**Collected material:**
----------------

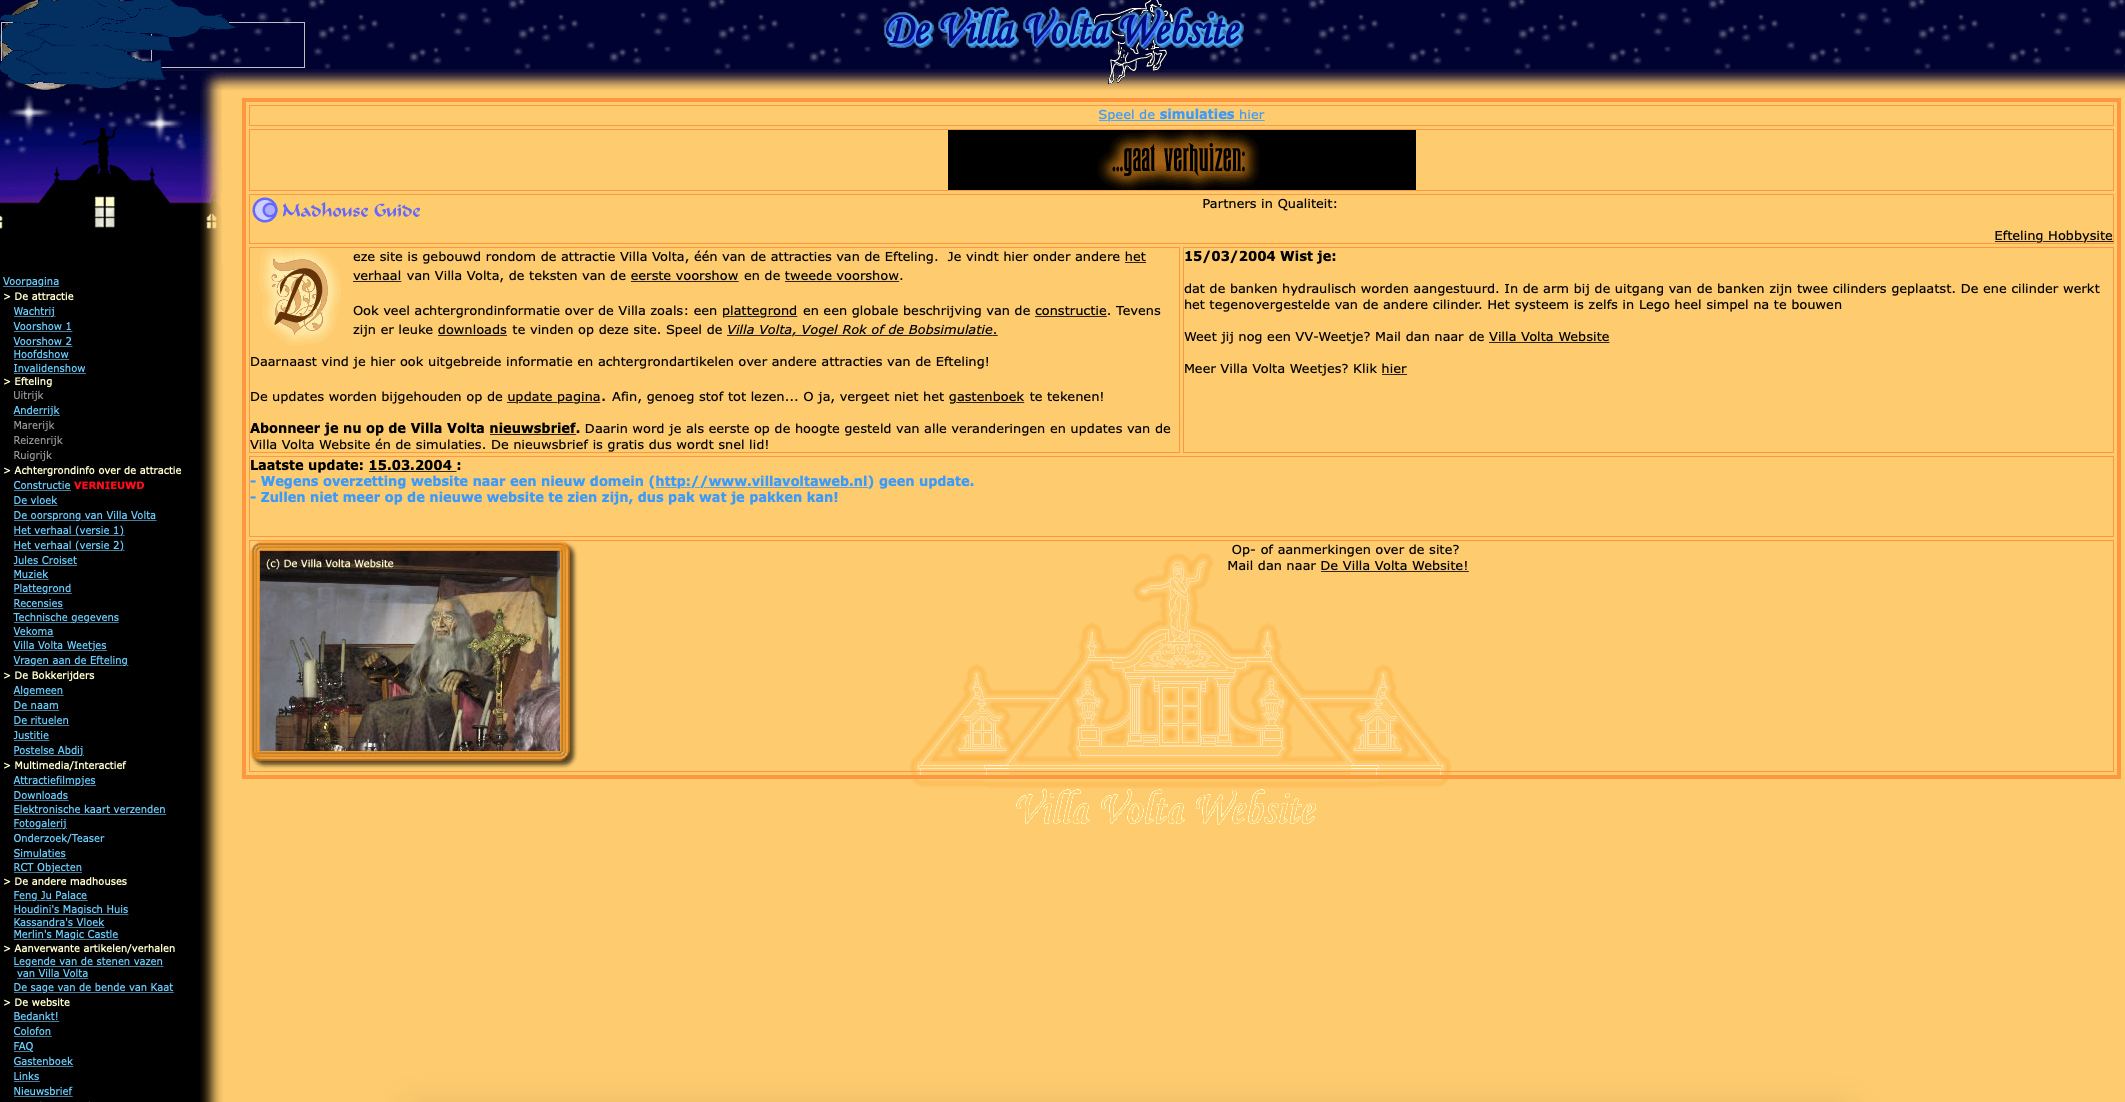 Villa_Volta_Web_2de_versie.png
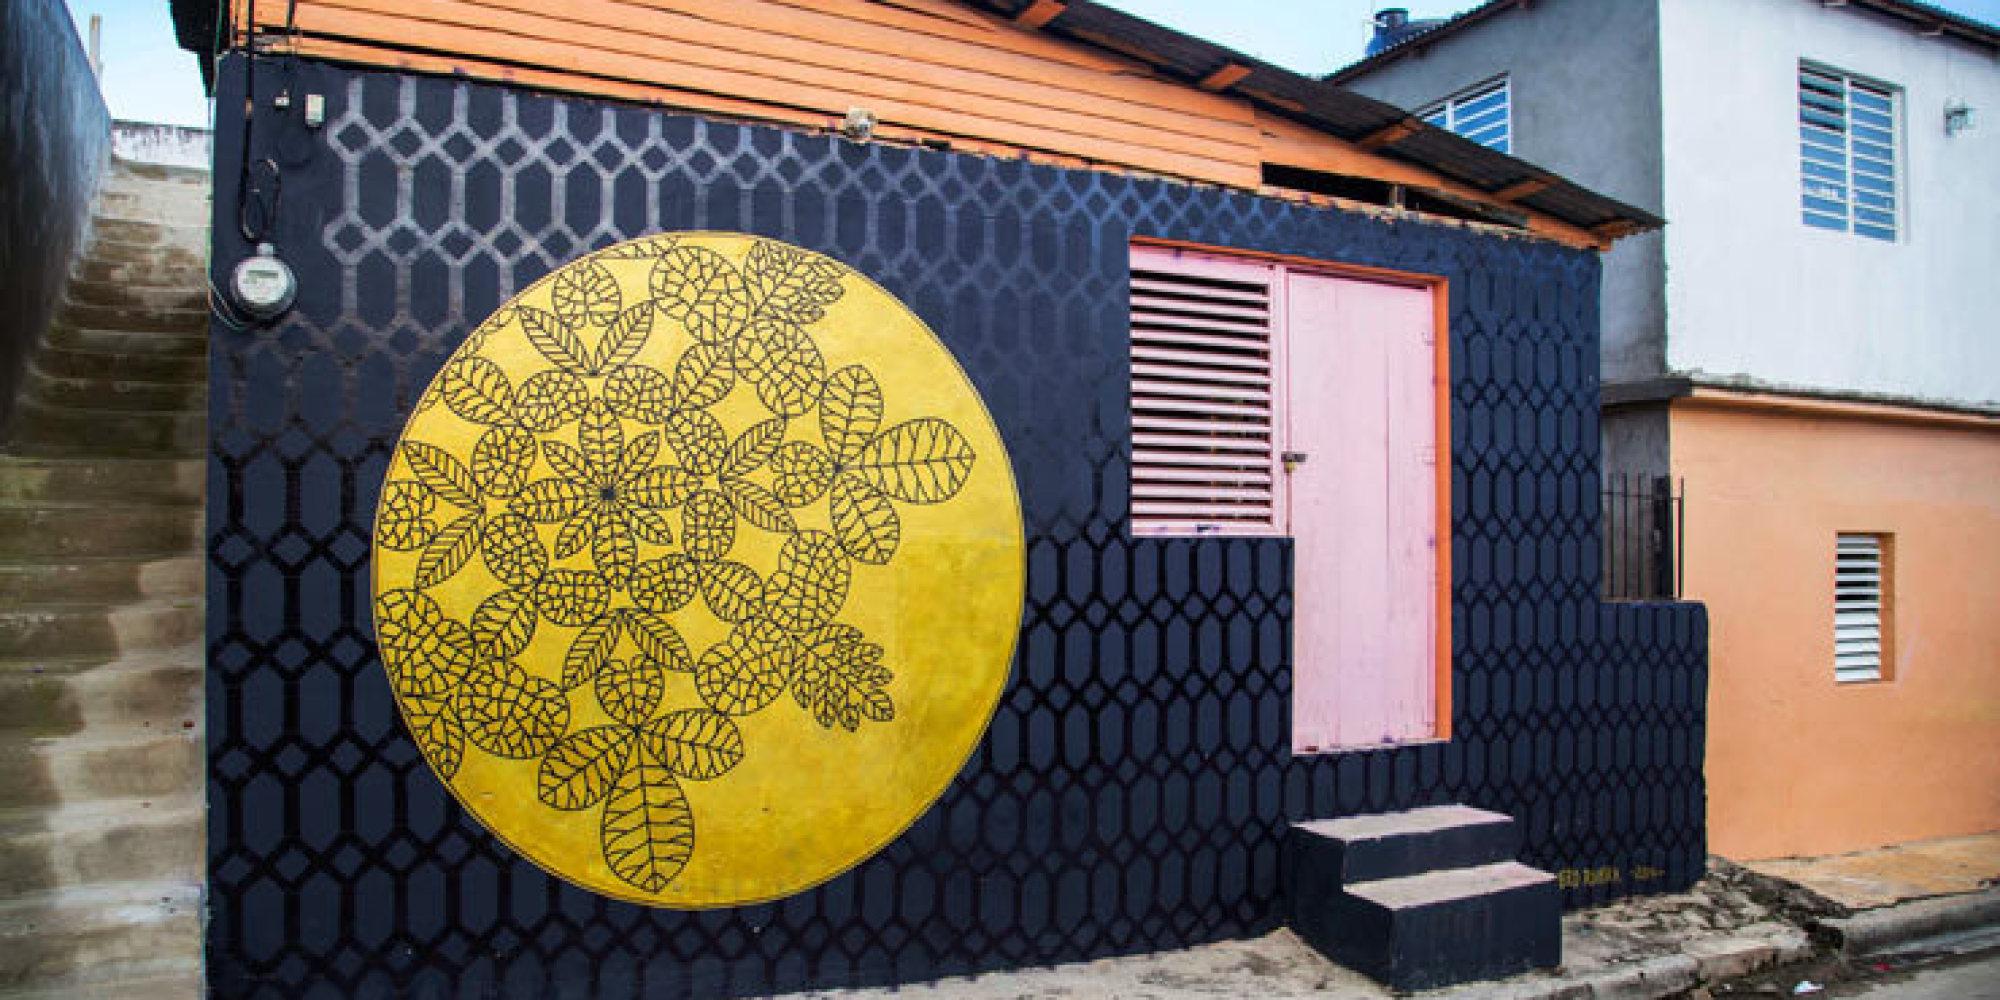 Street Art Sancocho: ArteSano Project Brings Dominican Flavor | HuffPost
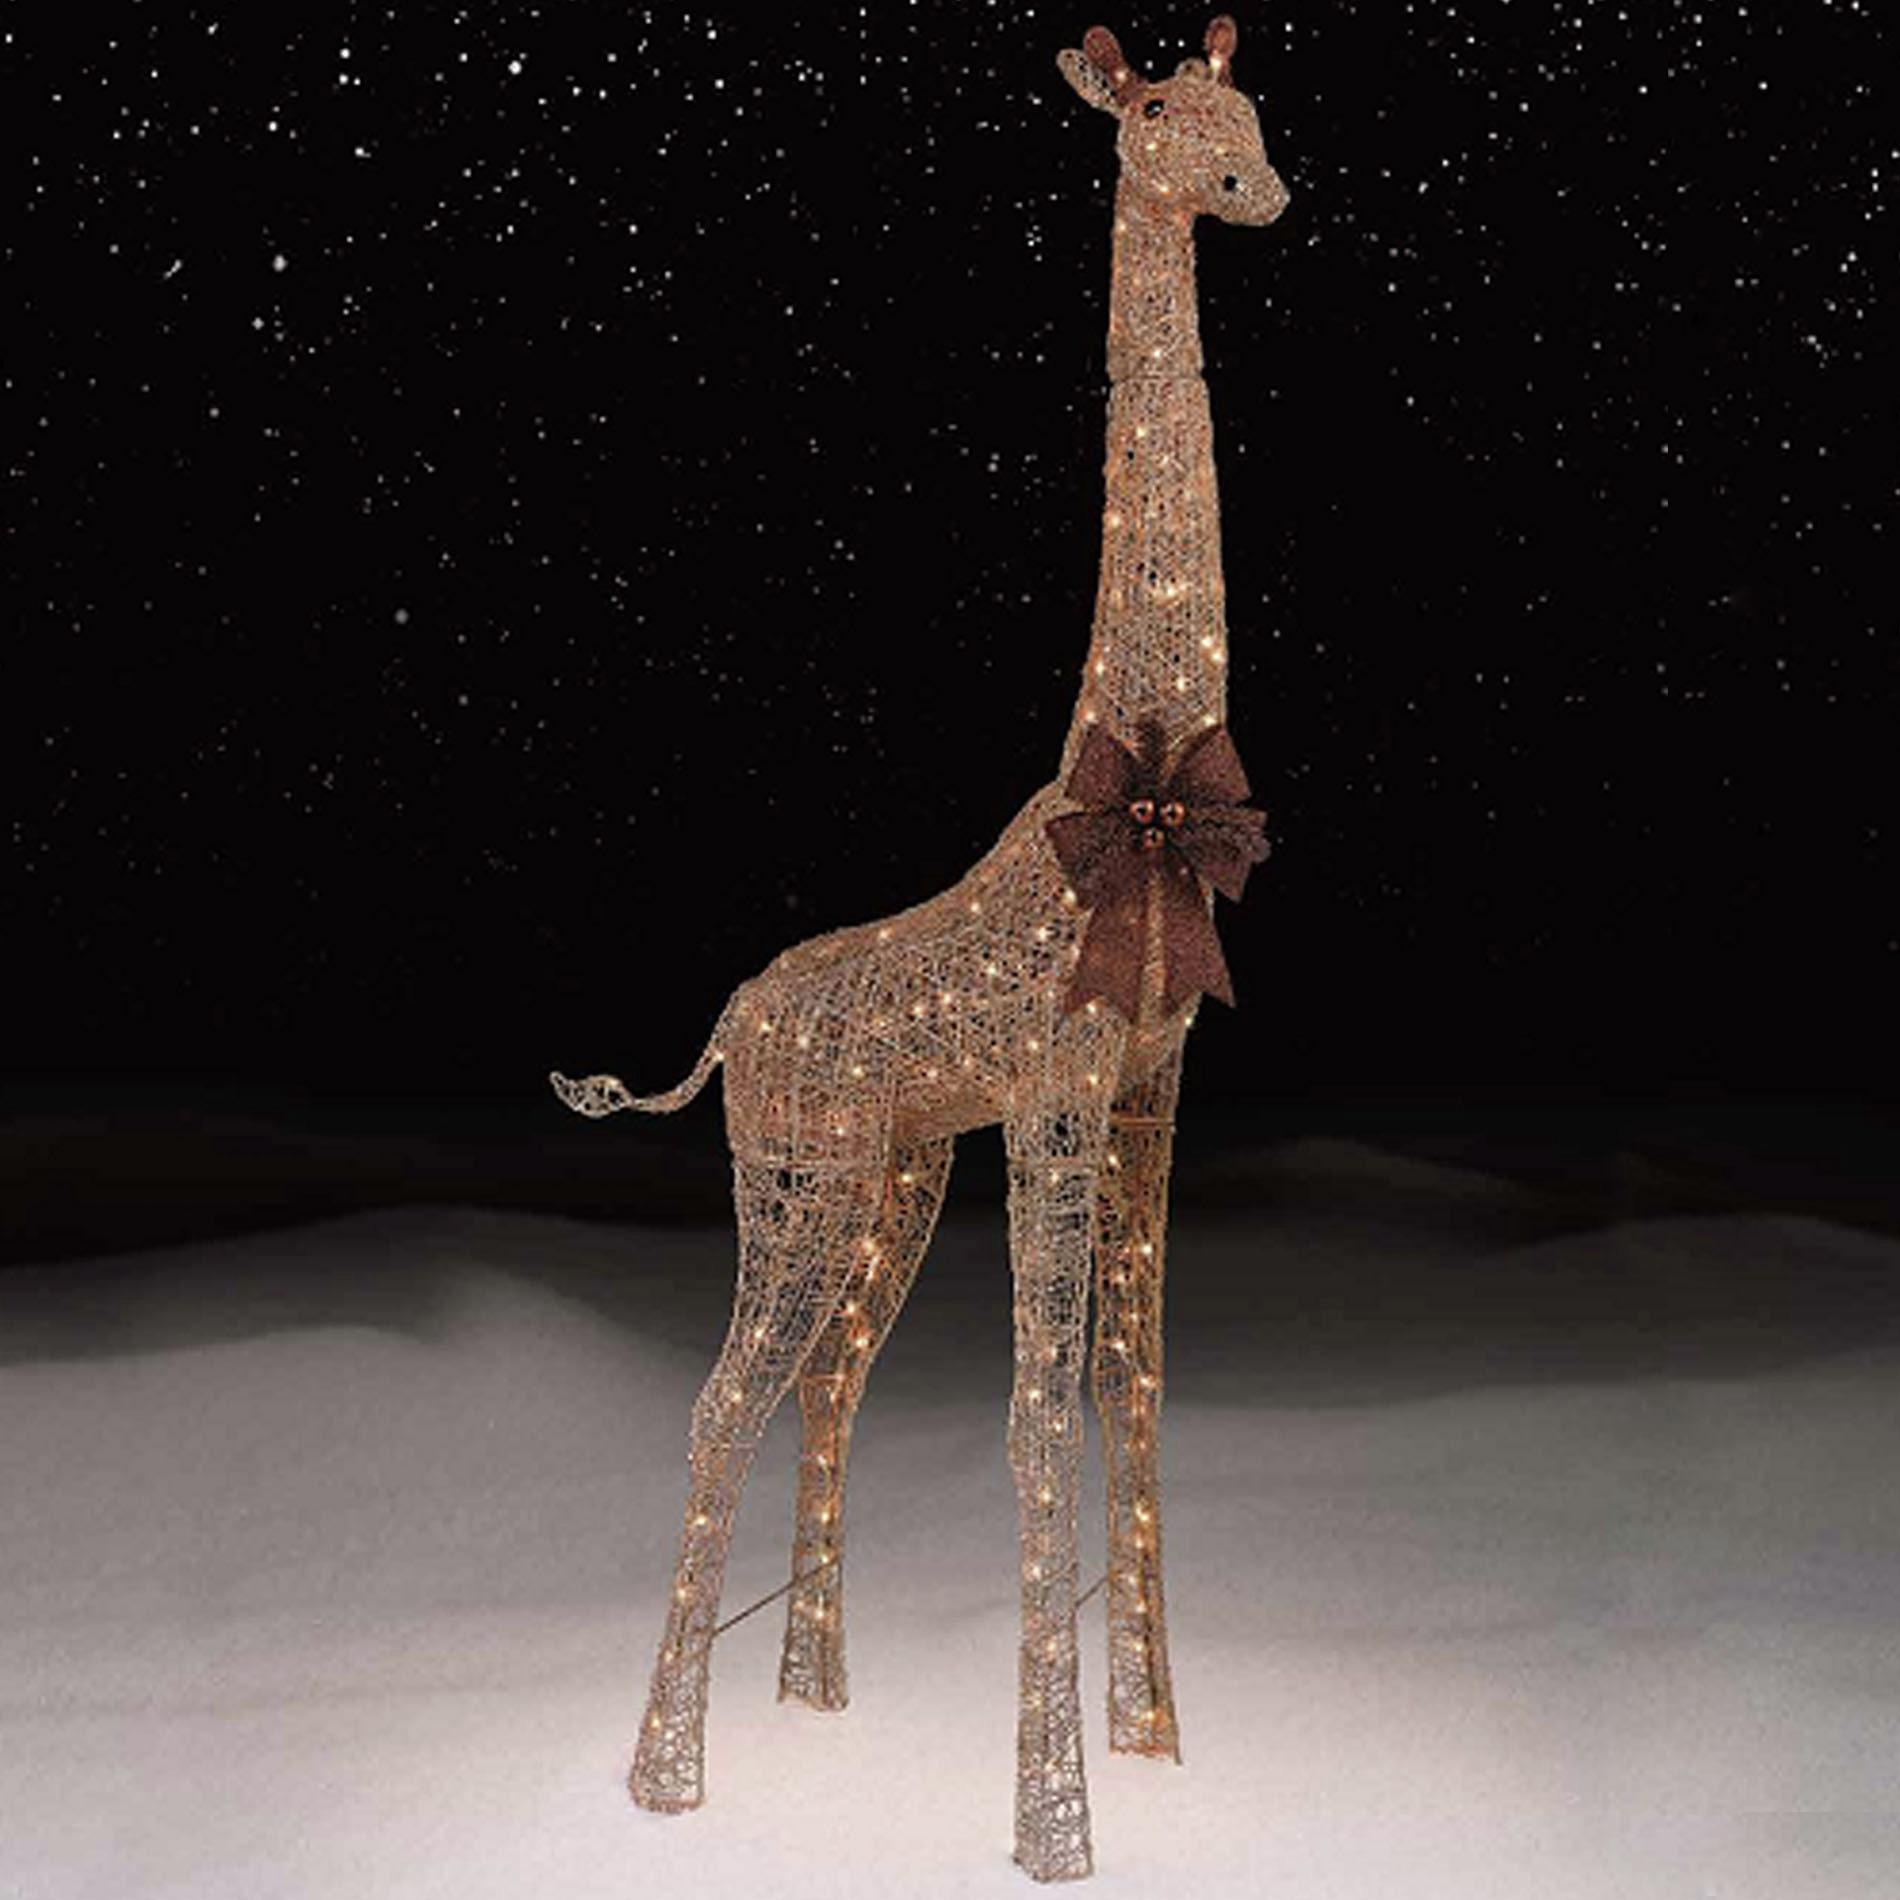 72 Gold Giraffe with 200 LightsKmart

----------------

Give the listing above again word for word, without its pictures.

 Villa_Volta_Web_2de_versie.png
 Street Art Sancocho: ArteSano Project Brings Dominican Flavor | HuffPost
 72 Gold Giraffe with 200 LightsKmart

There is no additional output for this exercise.